═════ Provided material ═════
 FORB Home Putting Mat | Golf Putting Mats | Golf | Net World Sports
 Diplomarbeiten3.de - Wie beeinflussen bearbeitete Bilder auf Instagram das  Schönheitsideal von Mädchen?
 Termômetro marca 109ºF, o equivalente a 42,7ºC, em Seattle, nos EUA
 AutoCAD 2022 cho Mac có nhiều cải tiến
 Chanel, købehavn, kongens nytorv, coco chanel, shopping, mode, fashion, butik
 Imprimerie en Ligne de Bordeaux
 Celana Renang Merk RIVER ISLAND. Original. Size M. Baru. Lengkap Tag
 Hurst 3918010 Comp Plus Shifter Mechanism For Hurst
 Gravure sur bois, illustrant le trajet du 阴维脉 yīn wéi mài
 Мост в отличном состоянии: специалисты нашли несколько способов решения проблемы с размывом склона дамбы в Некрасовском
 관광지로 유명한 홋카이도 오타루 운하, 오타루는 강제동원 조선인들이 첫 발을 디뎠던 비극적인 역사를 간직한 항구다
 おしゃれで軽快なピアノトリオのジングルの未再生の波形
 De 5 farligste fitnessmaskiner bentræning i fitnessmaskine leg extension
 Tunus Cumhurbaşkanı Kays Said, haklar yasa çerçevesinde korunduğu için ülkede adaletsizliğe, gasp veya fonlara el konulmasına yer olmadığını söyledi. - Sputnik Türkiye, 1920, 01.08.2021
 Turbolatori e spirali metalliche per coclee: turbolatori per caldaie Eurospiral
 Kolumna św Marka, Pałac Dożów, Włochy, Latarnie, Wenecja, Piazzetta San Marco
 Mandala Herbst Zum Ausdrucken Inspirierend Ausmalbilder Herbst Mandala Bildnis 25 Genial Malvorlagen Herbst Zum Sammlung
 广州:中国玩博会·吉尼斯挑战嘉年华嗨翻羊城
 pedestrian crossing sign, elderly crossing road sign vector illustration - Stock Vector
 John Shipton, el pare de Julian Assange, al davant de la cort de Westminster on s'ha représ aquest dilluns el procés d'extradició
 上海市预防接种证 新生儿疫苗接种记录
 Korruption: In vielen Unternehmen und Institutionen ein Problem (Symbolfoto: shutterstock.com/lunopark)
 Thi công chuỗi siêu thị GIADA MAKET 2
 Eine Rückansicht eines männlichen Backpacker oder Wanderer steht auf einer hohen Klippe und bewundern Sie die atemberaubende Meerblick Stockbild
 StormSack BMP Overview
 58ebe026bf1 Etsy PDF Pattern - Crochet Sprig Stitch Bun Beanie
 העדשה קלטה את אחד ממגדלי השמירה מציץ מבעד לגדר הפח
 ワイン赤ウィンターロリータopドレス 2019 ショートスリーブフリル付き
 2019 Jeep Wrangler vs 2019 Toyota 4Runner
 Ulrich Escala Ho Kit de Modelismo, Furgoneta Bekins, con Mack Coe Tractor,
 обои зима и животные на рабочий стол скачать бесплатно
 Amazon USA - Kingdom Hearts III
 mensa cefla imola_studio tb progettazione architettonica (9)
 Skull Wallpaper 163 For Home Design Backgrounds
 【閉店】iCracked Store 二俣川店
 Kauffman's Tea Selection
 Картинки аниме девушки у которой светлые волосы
═════
Directions for this task
Across the records, count the lines holding the string "Home". Give the number and stop.

Answer box
2